Stepping away from the table, Joanna made the sudden switch from wife and mother to cop. “What’s up?” she asked. “Is the bridge in St. David okay?”
“The bridge is fine,” the dispatcher responded, “but one of the highway workers assigned to clear debris away from under it pulled out a duffel bag. Turns out there’s a dead body inside.”
“A body?” Joanna repeated.
“Yes,” came the answer. “I’m told it’s a little kid.”
Joanna took a steadying breath. “Okay,” she said. “I’m on my way.”
“Sorry,” she said to the tableful of people who were watching her. “Duty calls.”

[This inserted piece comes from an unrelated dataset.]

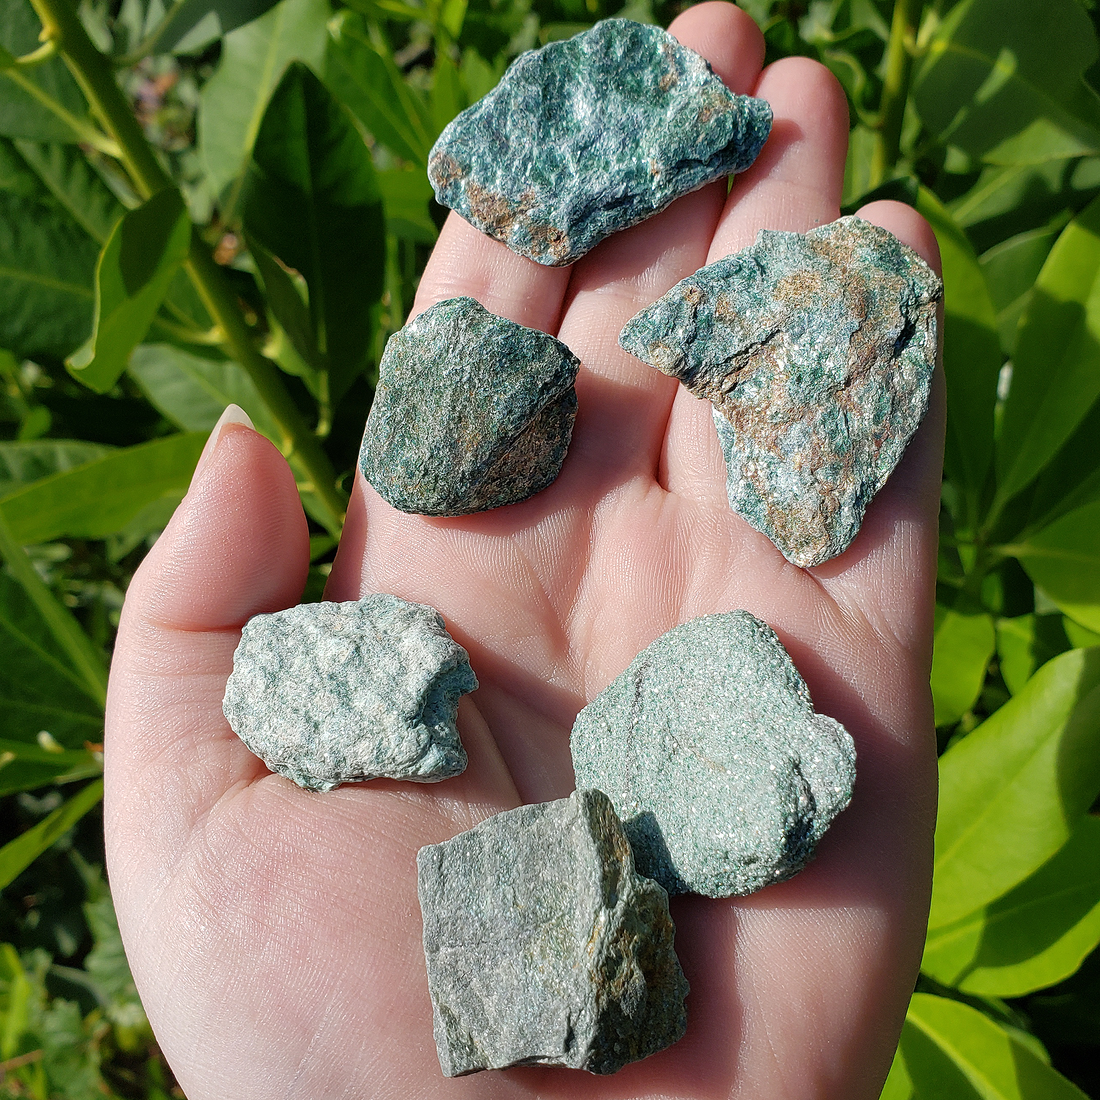 Raw Fuchsite Muscovite Mica Natural Rough Gemstone - Small One Stone - In Hand in Sunlight
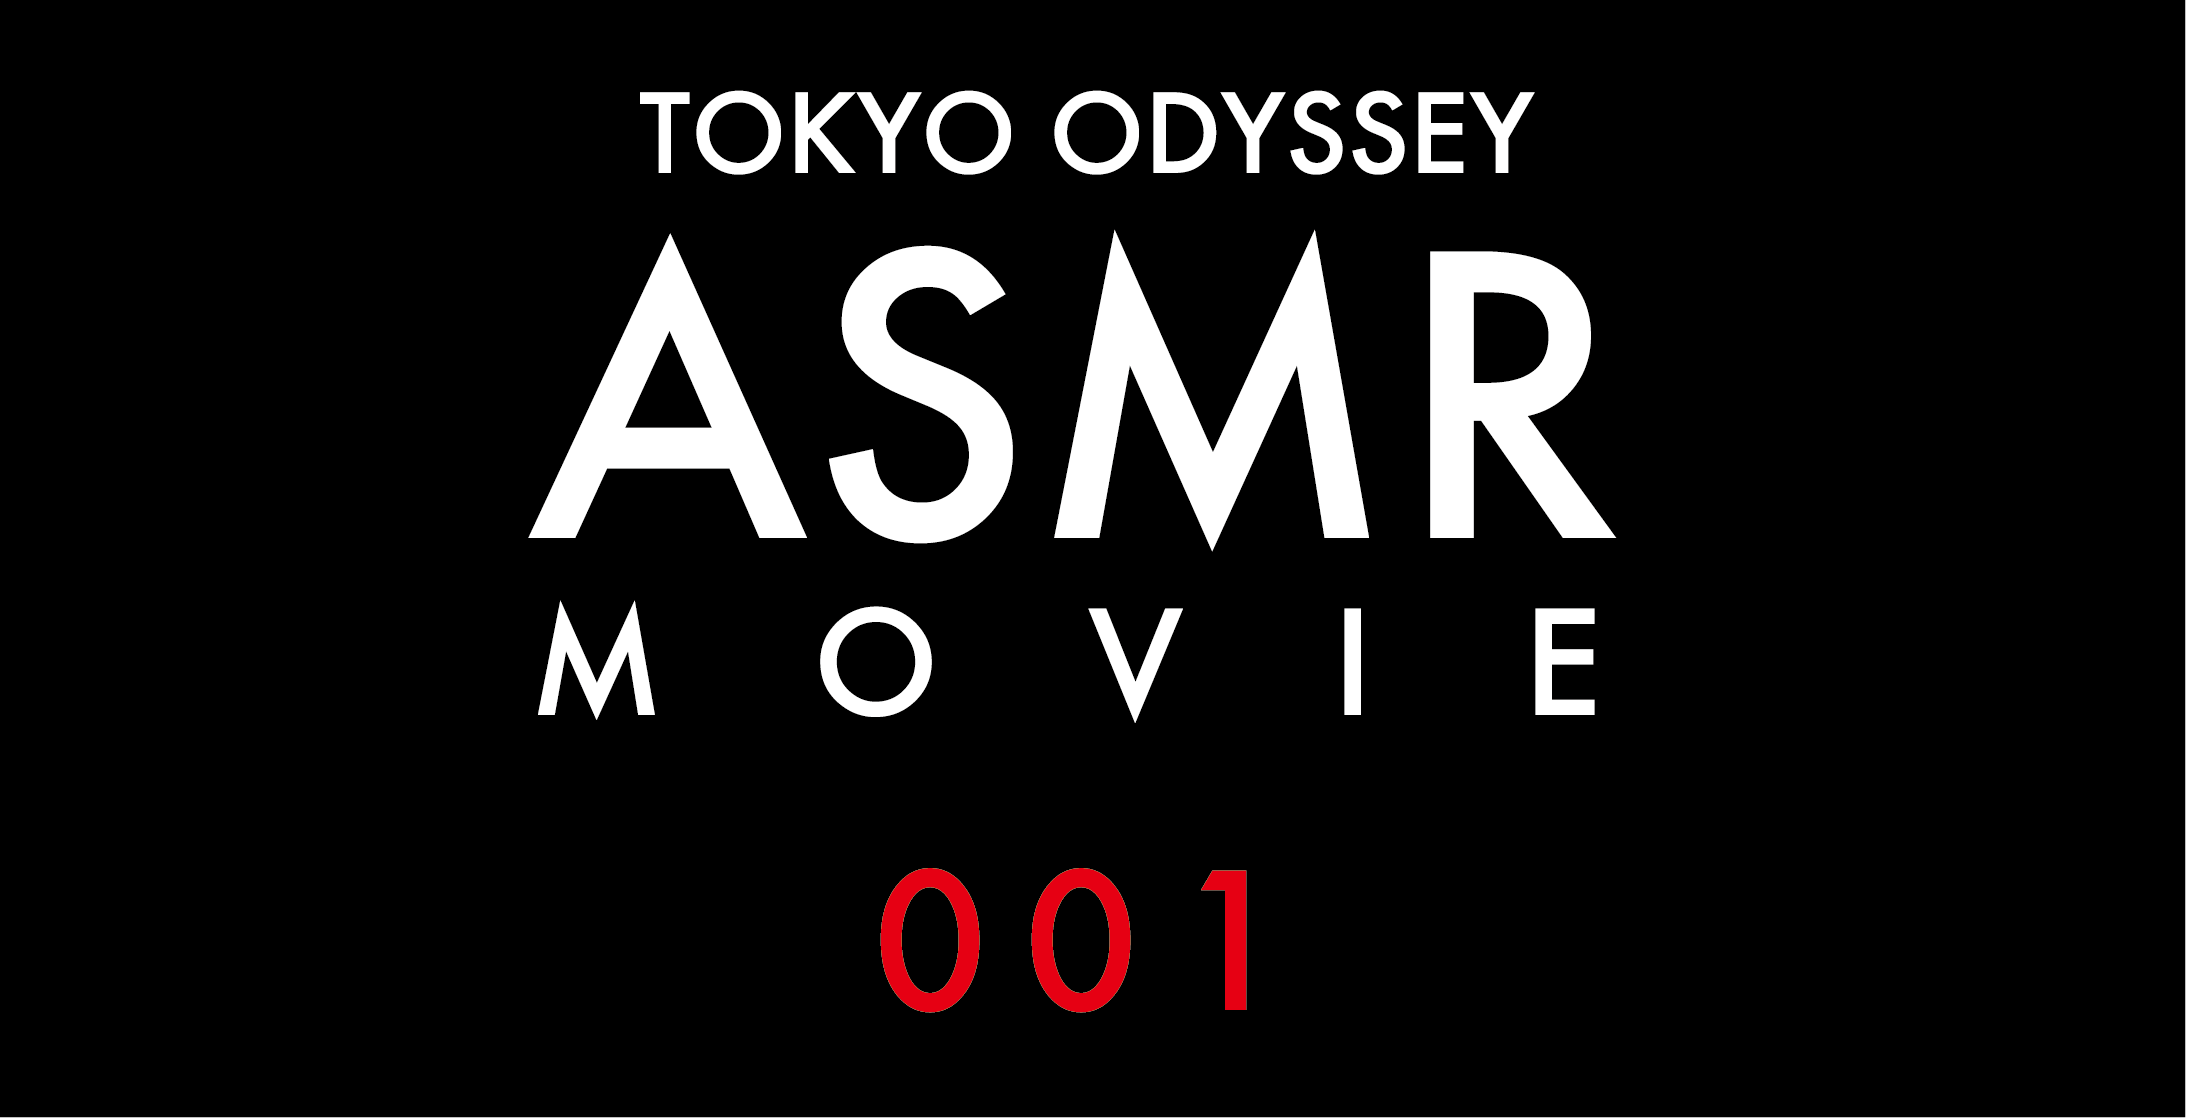 TOKYO ODYSSEY ASMR MOVIE 001.

Before leaving the house, she took her Glock out of the gun safe in the laundry room and belted it in place.
Then, glancing outside, she added a slicker and her Stetson.
Although she had one of those—regarded as necessary equipment for any self-respecting sheriff of Cochise County—she seldom wore it.
Rainy days were the exception because the sturdy felt kept the rain out of her hair and away from her eyes.
Butch followed her out to the garage to kiss her goodbye. “What if the washes are running?” he asked.
There weren’t any washes on the highway between Bisbee and St. David.
However, there were four major washes on High Lonesome Road between their ranch and Double Adobe Road.
The Mule Mountains off to the west marked the back boundary of the ranch itself, and runoff from those could quickly turn those easterly-flowing washes into treacherous rapids.
“I’ll be fine,” she said, but she wasn’t entirely sure.
When Joanna reached the first wash, she actually got out to check.
Muddy water was running a little over four inches deep, but with no visible wall of water approaching, she got back into her Interceptor, put it in low, and plowed on, making it through all four washes without pausing again or second-guessing herself.
Once on Highway 80, she took a deep breath and brought her vehicle up to speed as much as the water-soaked pavement allowed. It was still raining, but not nearly as hard as it had been. St. David was fifty minutes plus north of Bisbee. In this weather, she knew it was going to take all of that.
Thinking about what had happened at dinner, she gave Nick Saunders credit for popping the question in front of the whole family.
That was something Joanna actually appreciated.
Yes, in many ways she’d be losing a daughter once Jenny married, but that generous gesture on Nick’s part suggested that, in return, she might end up gaining another son.